Software componentization can help software companies acquire and maintain a competitive advantage by developing, deploying and maintaining services and solutions faster, cheaper and better than their competitors. Using Web and Mobile based Graphic User Interface (GUI) components is the most common way for users to interact with IT systems.

The ability to create customizable and reusable front-end software components is especially valuable for software companies and their partners. Combined with cost effective deployment solutions such as Cloud Computing, new services can quickly be bundled, offered and tuned for specific targeted sets of customers and later rolled-out to new markets very easily.

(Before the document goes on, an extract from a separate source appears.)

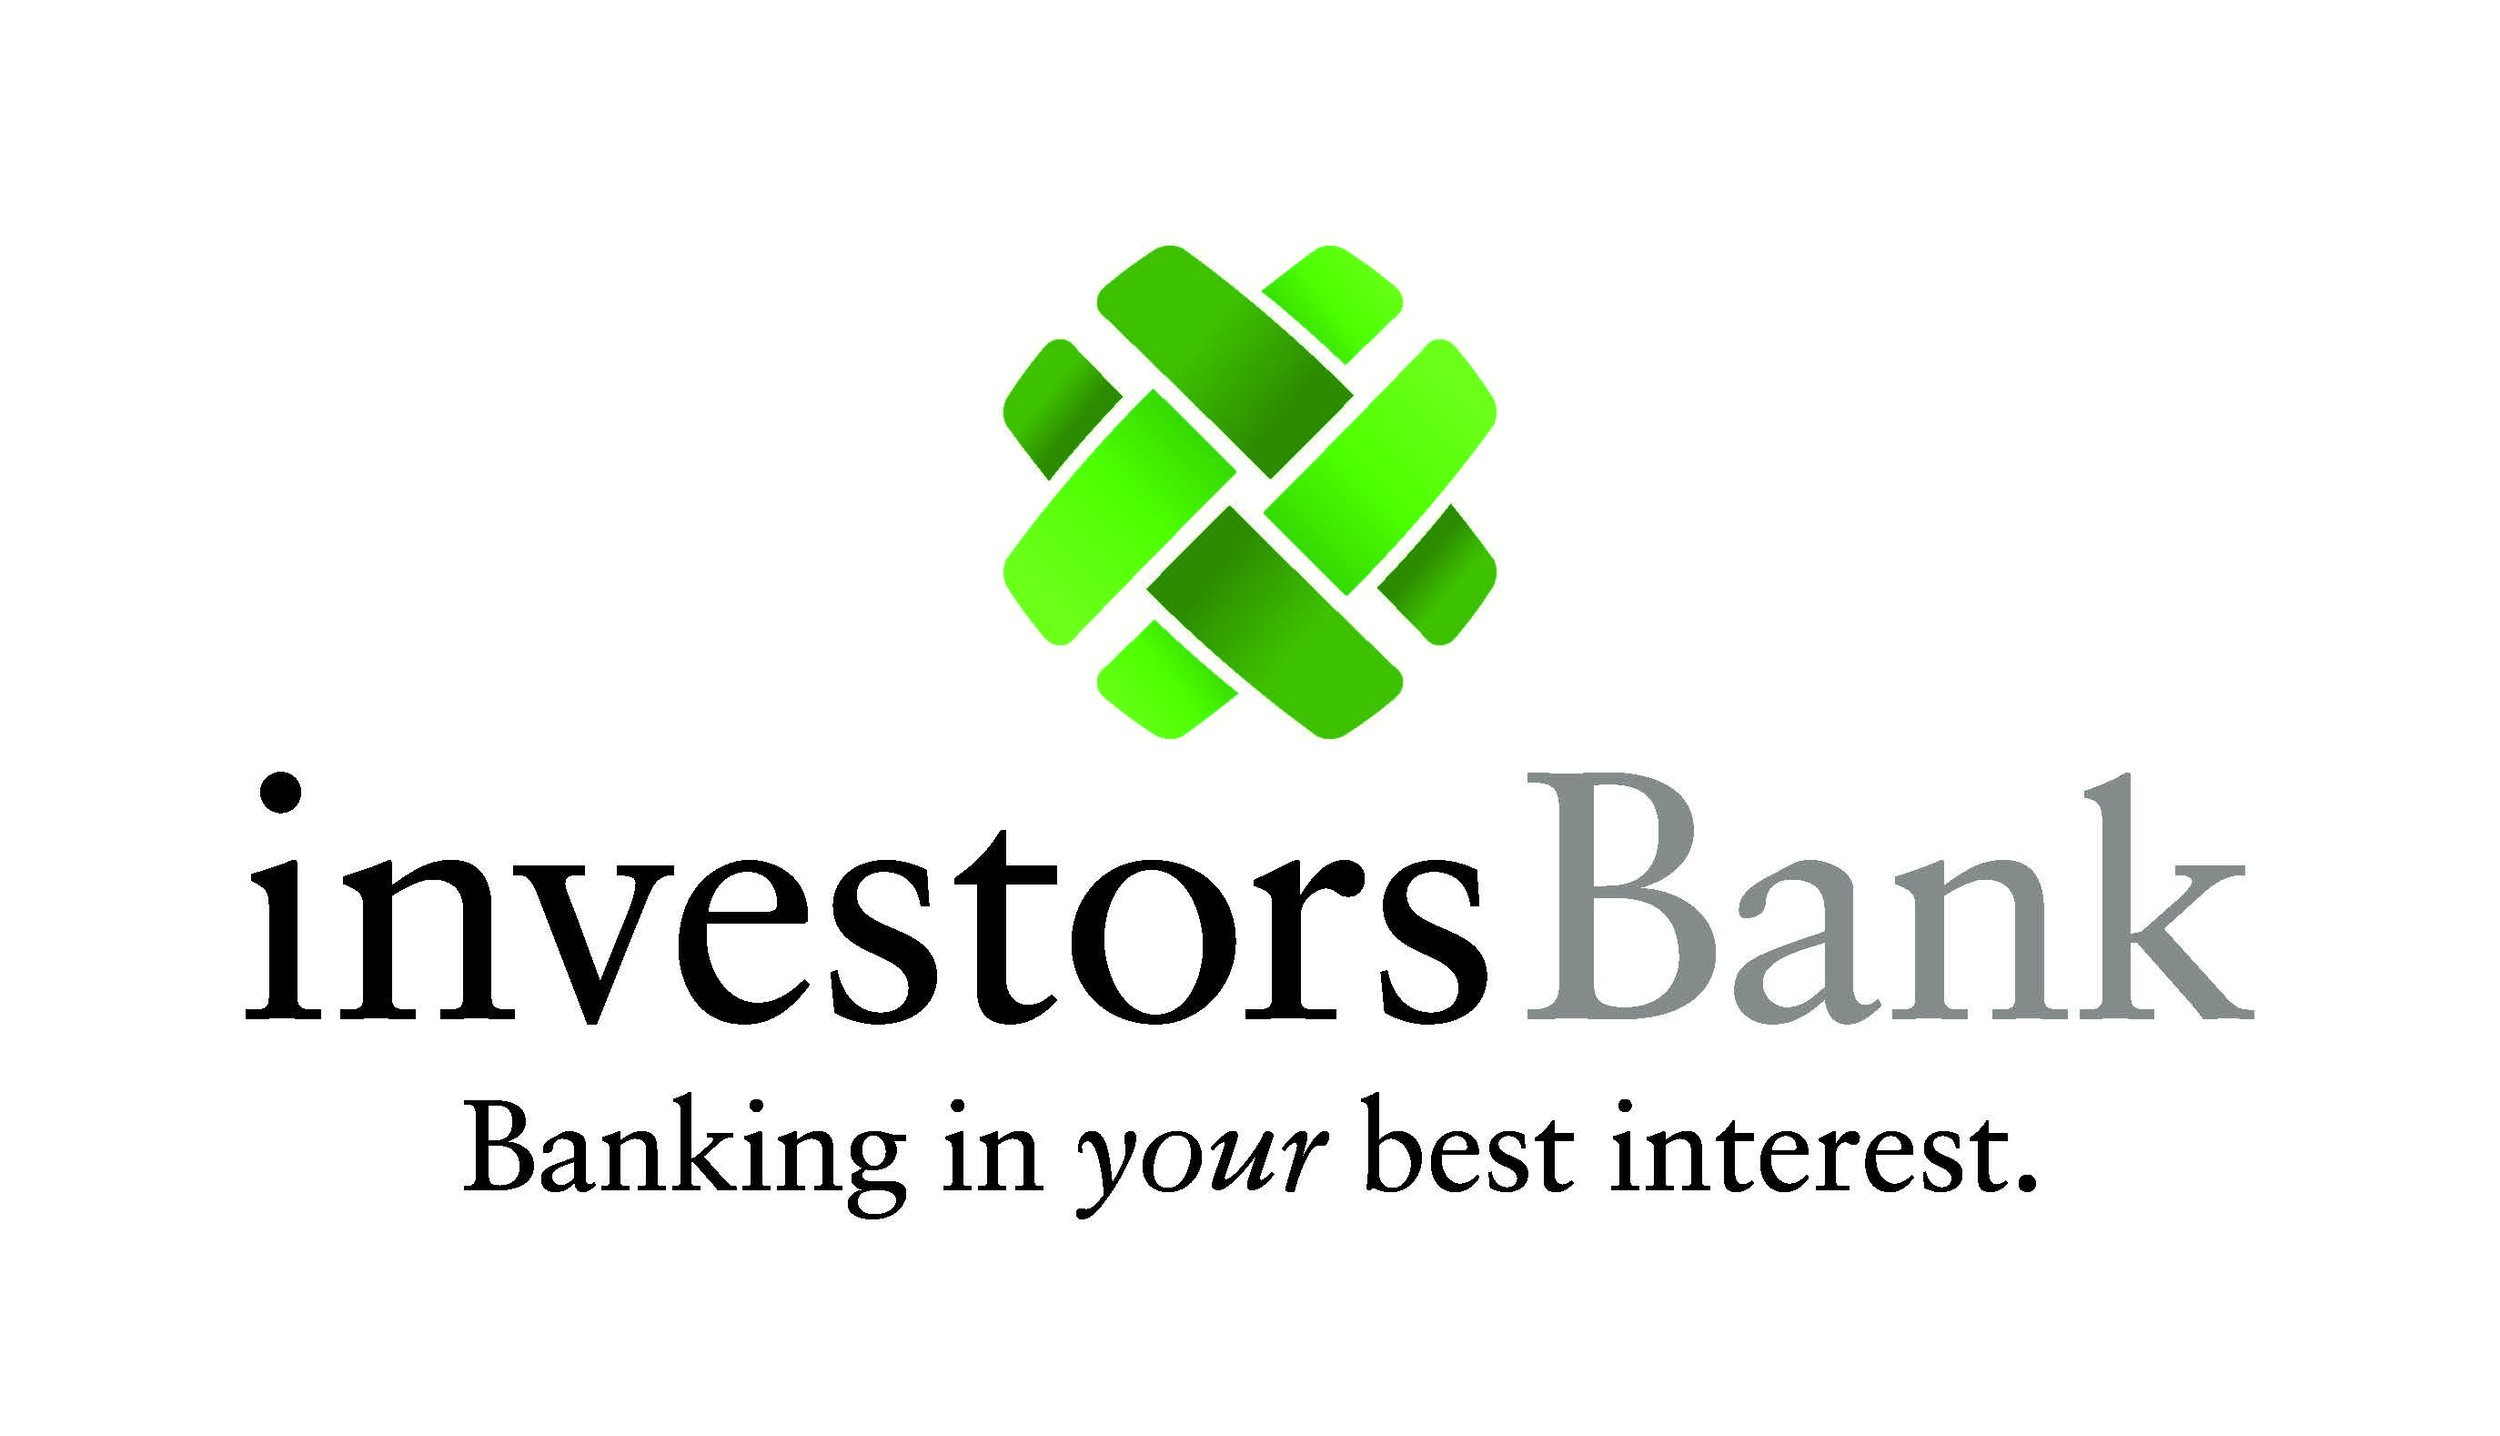 Investors Bank's logo-1 - Copy.jpg

Componentization can also help to rapidly make custom changes (such as re-branding or re-skinning) since the presentation layer is isolated from the service layer. Aggregated in web portals, front-end components can be layered on top of existing data structures, enterprise and legacy systems as well as third party services.

In healthcare for example, portals can offer a unified and personalized view for healthcare professionals, and provide real-time access to a selected patient's clinical information. The same portal infrastructure can be also customized for the patients and their care givers.

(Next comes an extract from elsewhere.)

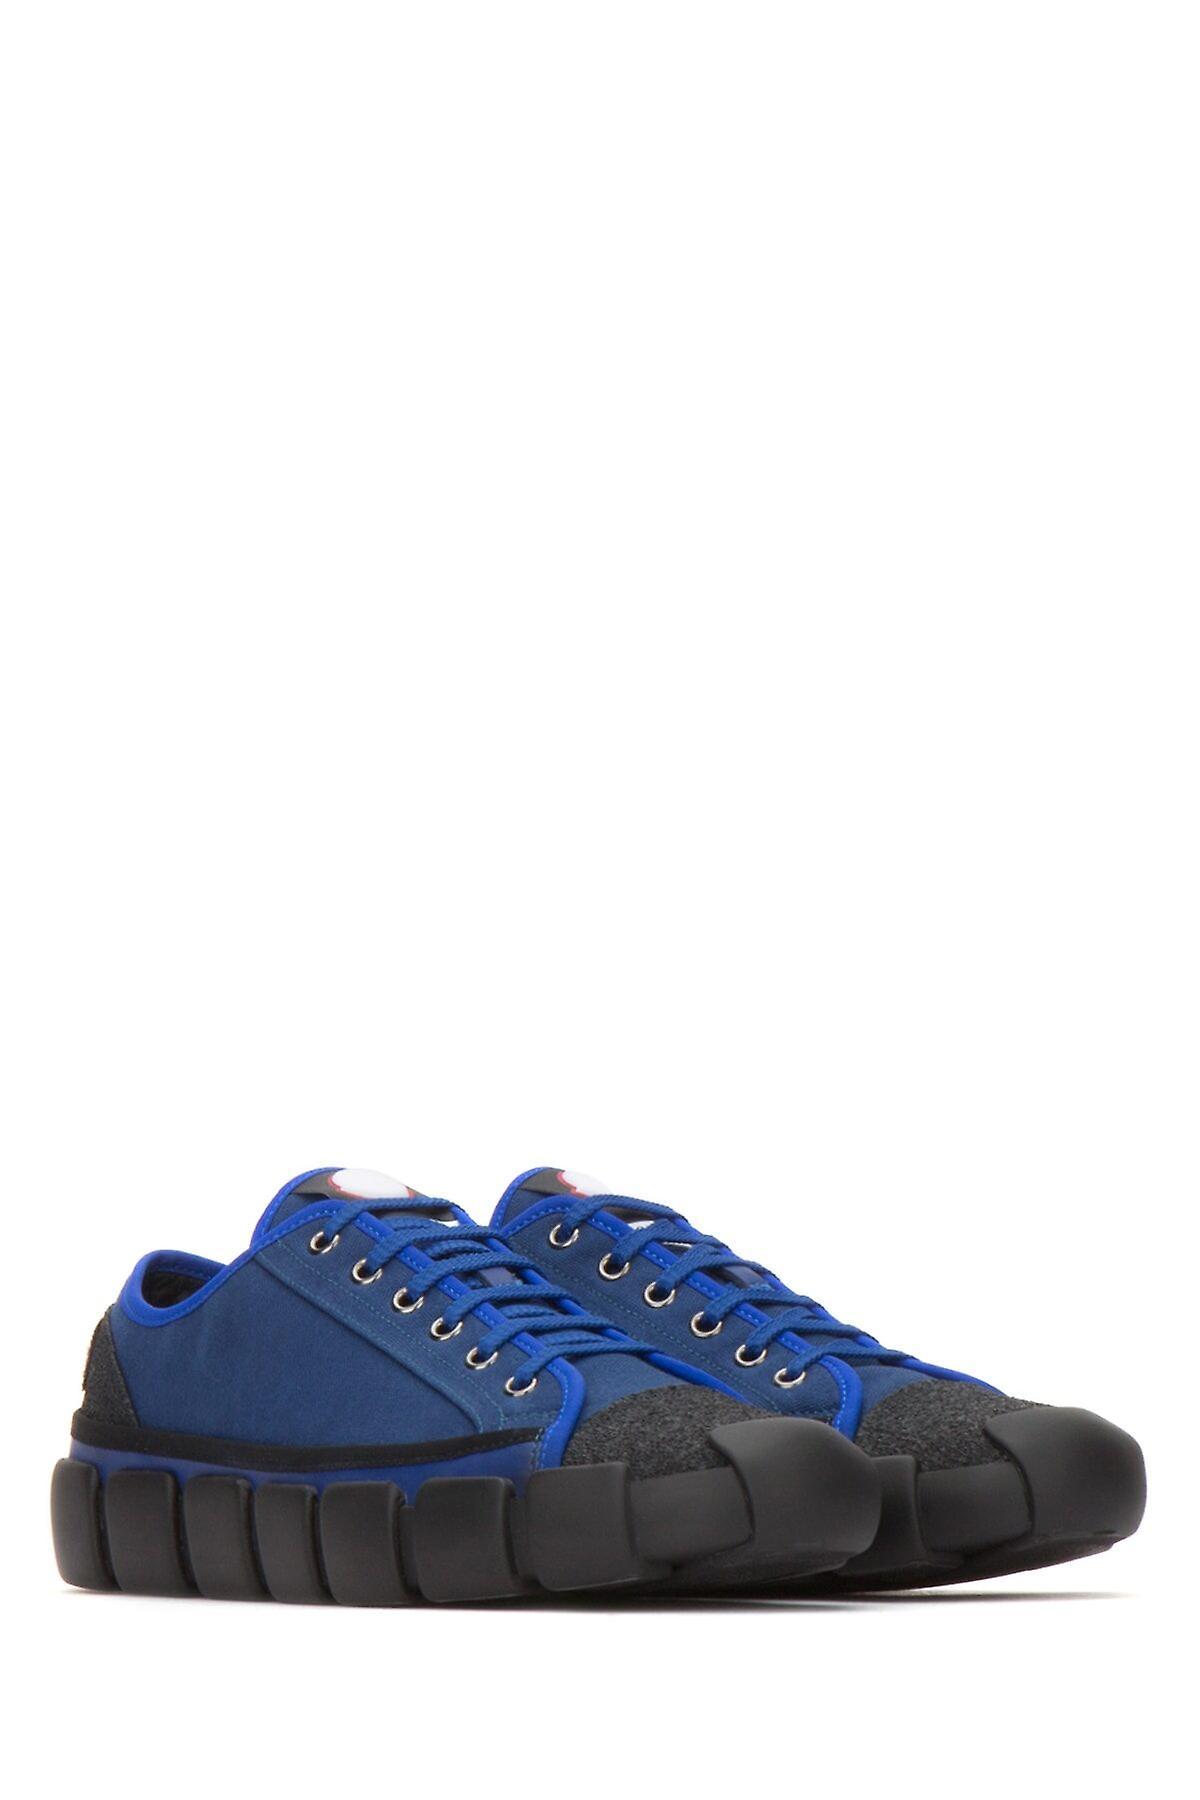 Moncler Genius Ezcr003004 Baskets en tissu bleu

Portal technology provides ways to integrate information, people and processes across organizational boundaries. It provides a secure unified access point (SSO), often in the form of a web-based user interface, and is designed to aggregate and personalize information through application-specific component or portlets.

Another characteristic of the portal technology is the fact that content management can be decentralized allowing richer content and more efficient update of the data and information presented to the users.

A portal approach brings benefits to your customers/end-users (healthcare professionals and patients), your development, professional service and IT teams, but also your partners!
  • benefits for your end-users: Portal solutions also offer rich user experience by leveraging Web 2.0 technologies and specific components (e.g. wikis, blogs, message boards, widgets, social networking, maps, SSO, etc). Portal customization and personalization also offers to the end-users a more personalized experience based on their profiles such as their role in the organization or user group and preferences (e.g. choice of layout and look and feel).
  • benefits for your development team: This includes a common architecture for the aggregation of heterogeneous components and services, a clear separation between the presentation layer and the service layer, and the fact that portlets are based on standard technologies (e.g. JSF, Spring, Spring MVC, Hibernate, JSR-168, JSR-286, WSRP 1.0/2.0, AJAX, Java EE, or even Flex).
  • benefits for your professional service and IT teams: Portal technology can save substantial costs to both the professional service team in charge of creating solutions using a portal approach including the ability to create and combine quickly customized components that are easy re-branded for various customers is clearly a good return on investment (ROI).
  • benefits for your IT department: For the IT department, in charge of deploying and maintaining services and applications, to be able to run multiple portal sites, each with a unique domain, on the same portal server reduces avoids to duplicate hardware and image instances. Portlets can be deployed at run-time (hot deployment) reducing down time for the user and facilitate the maintenance of the applications. In addition to this, specific content, branding, layout and skins can be stored and managed independently of the application in a content management system, saving costs during development, deployment and maintenance.

For the past couple of years, there has been a clear interest in the healthcare industry, not only in the US, but also in Canada and Europe to use portal frameworks as a solution to aggregate heterogeneous services and applications. There are still a lot of important and sensitive issues to address for this type of solution in the healthcare industry (security, auditing capabilities, flexibility, extensibility, maintainability, user and content management, integration, performance, scalability, availability, quality assurance, lifecycle management, maintenance and monetization).